**DESCRIPTION OF THE TASK:** With pictures omitted, copy exactly every line from the one that contains "womens nike air force 1 07 size 7.5" to the end of the listing below.

**SOURCE DATA:**
::::

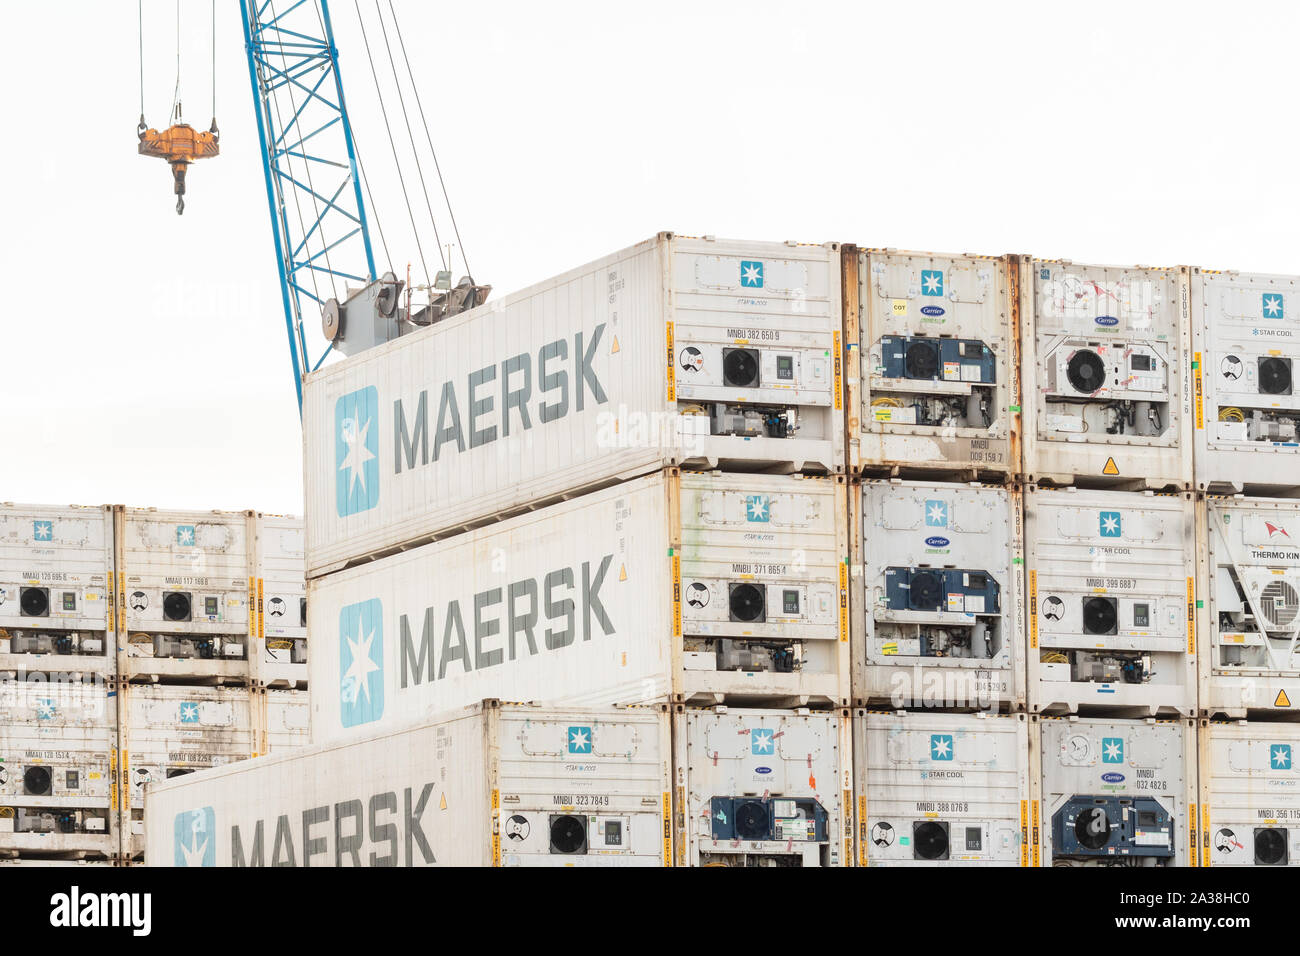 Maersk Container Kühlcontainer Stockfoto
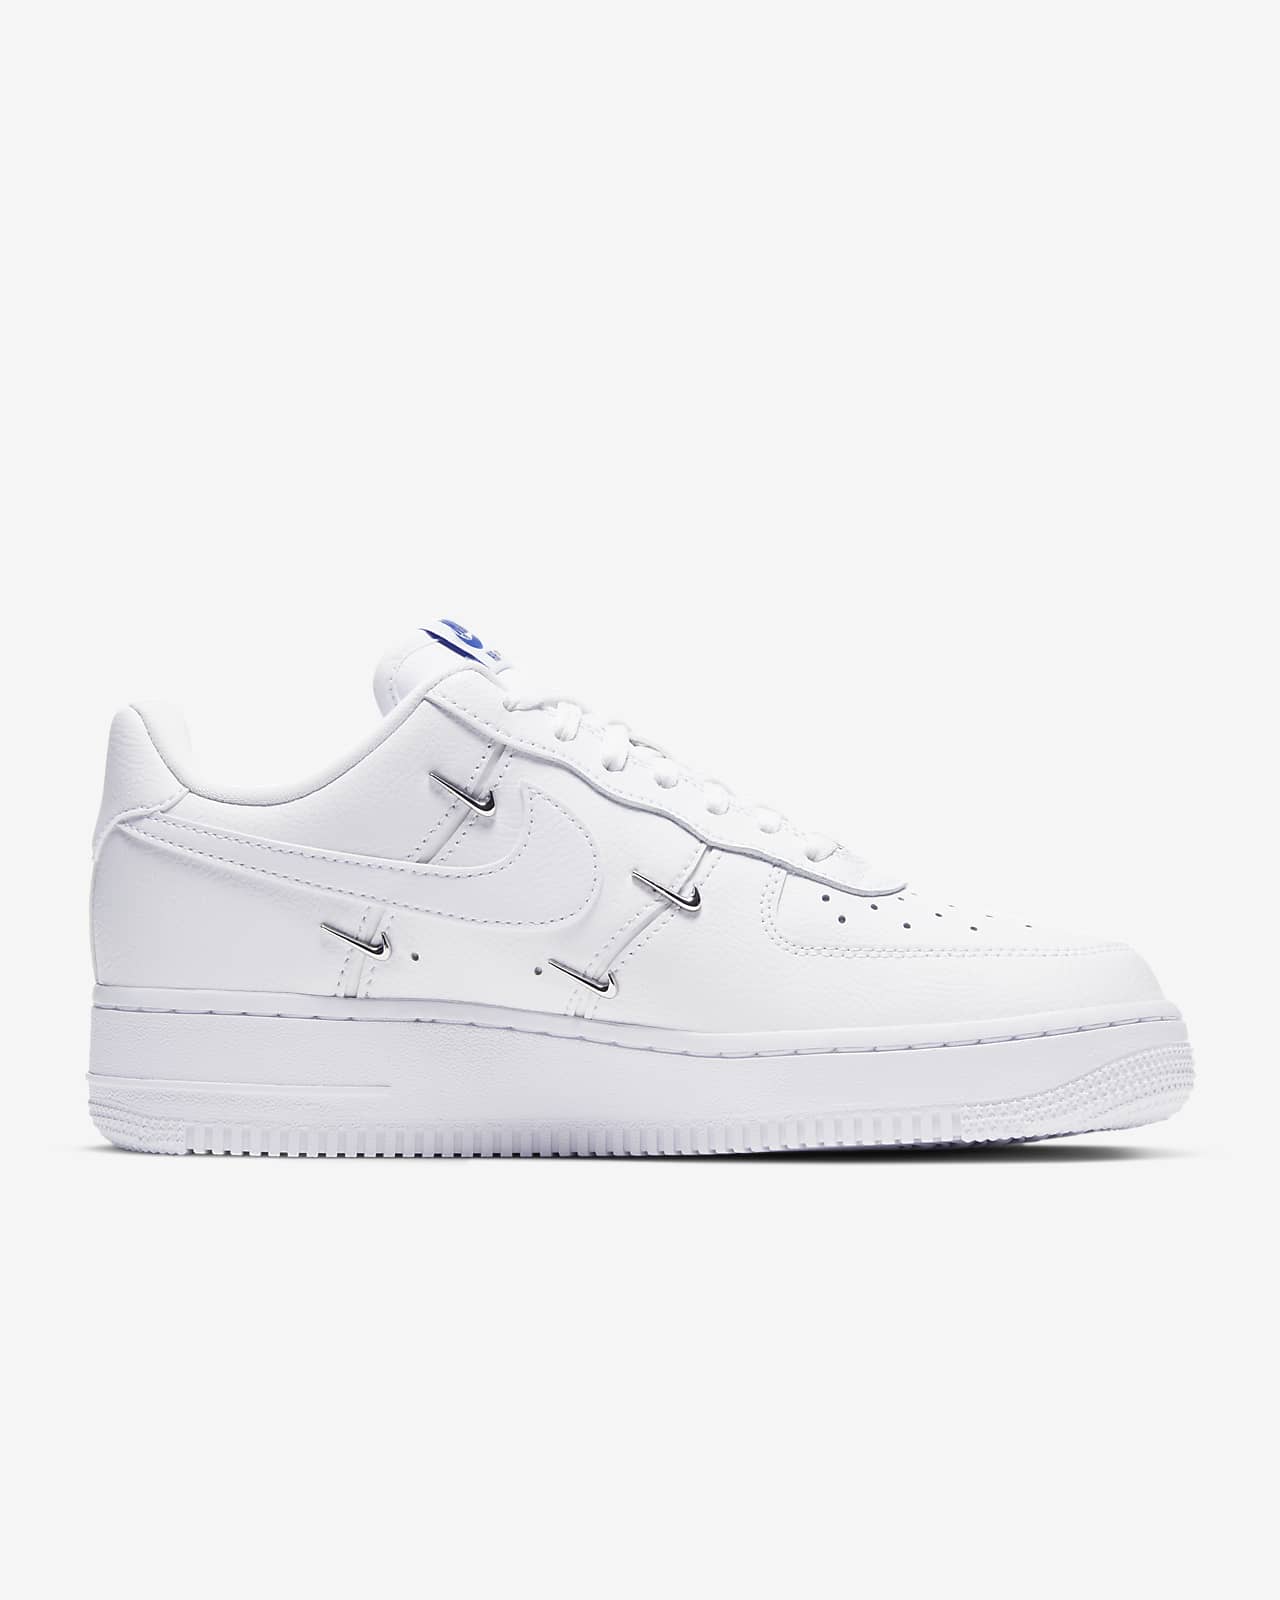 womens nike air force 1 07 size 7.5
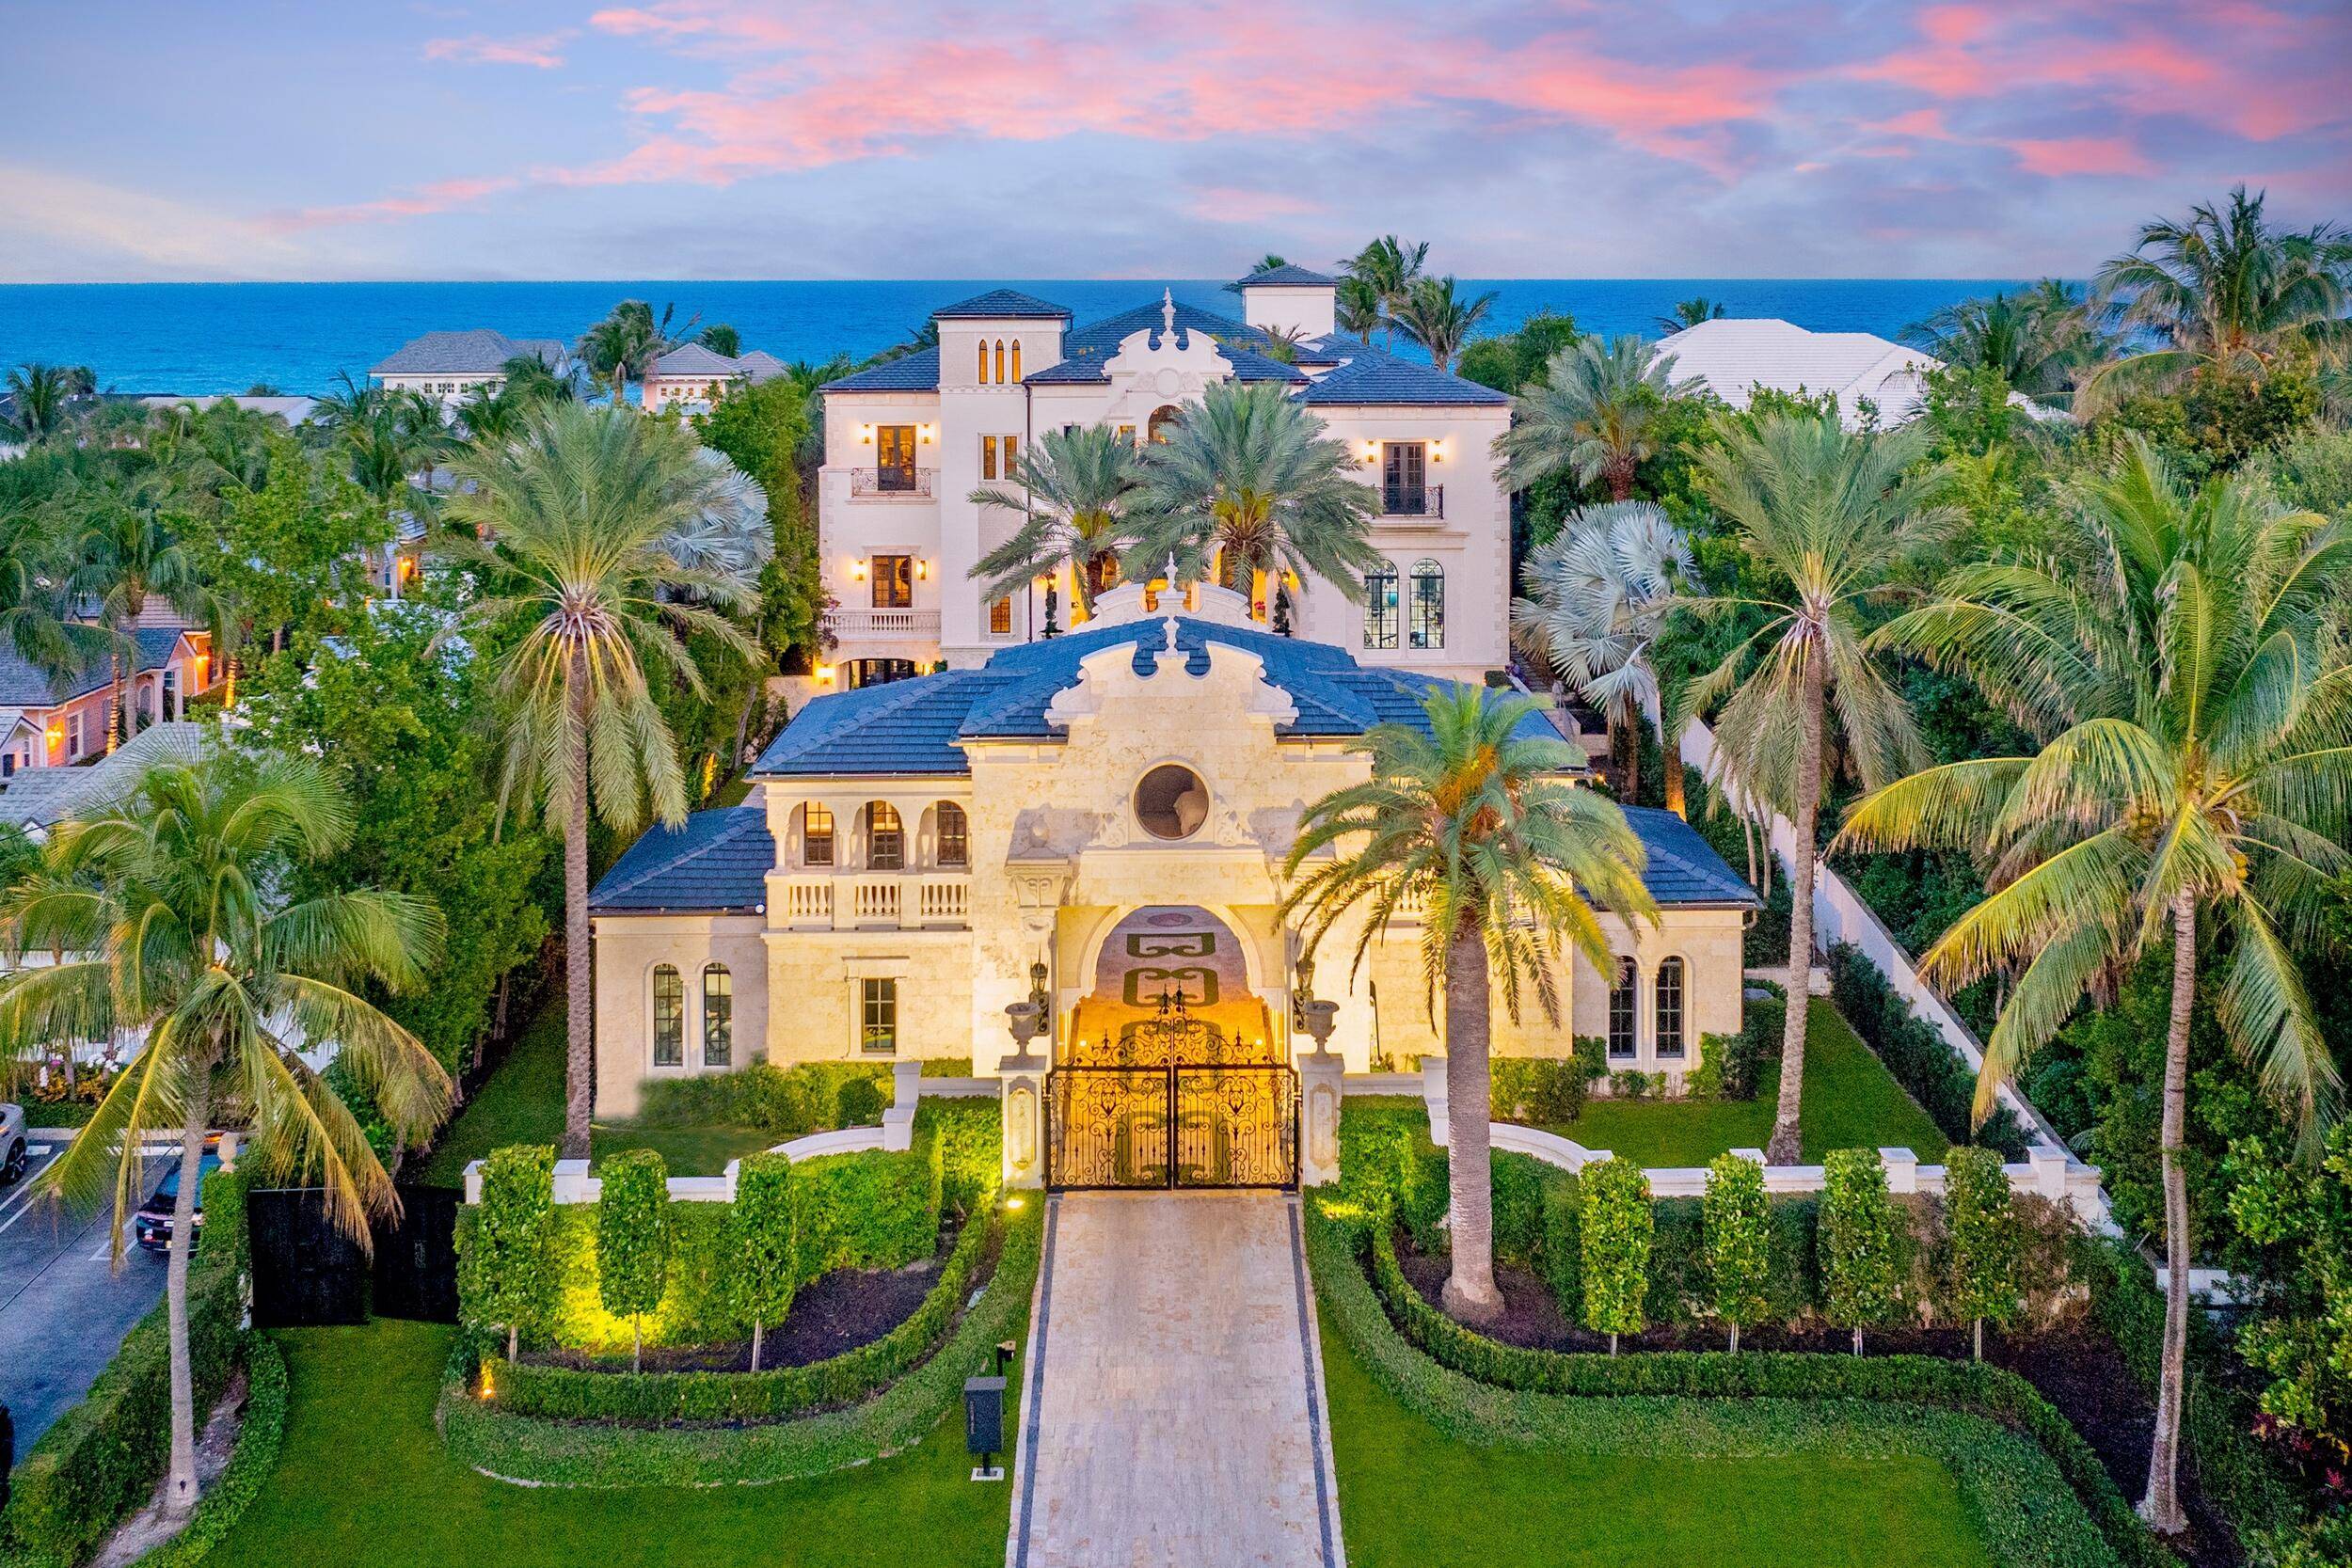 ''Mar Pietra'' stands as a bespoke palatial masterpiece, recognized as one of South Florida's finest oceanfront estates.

::::

**WRITTEN ANSWER:**
 womens nike air force 1 07 size 7.5
 ''Mar Pietra'' stands as a bespoke palatial masterpiece, recognized as one of South Florida's finest oceanfront estates.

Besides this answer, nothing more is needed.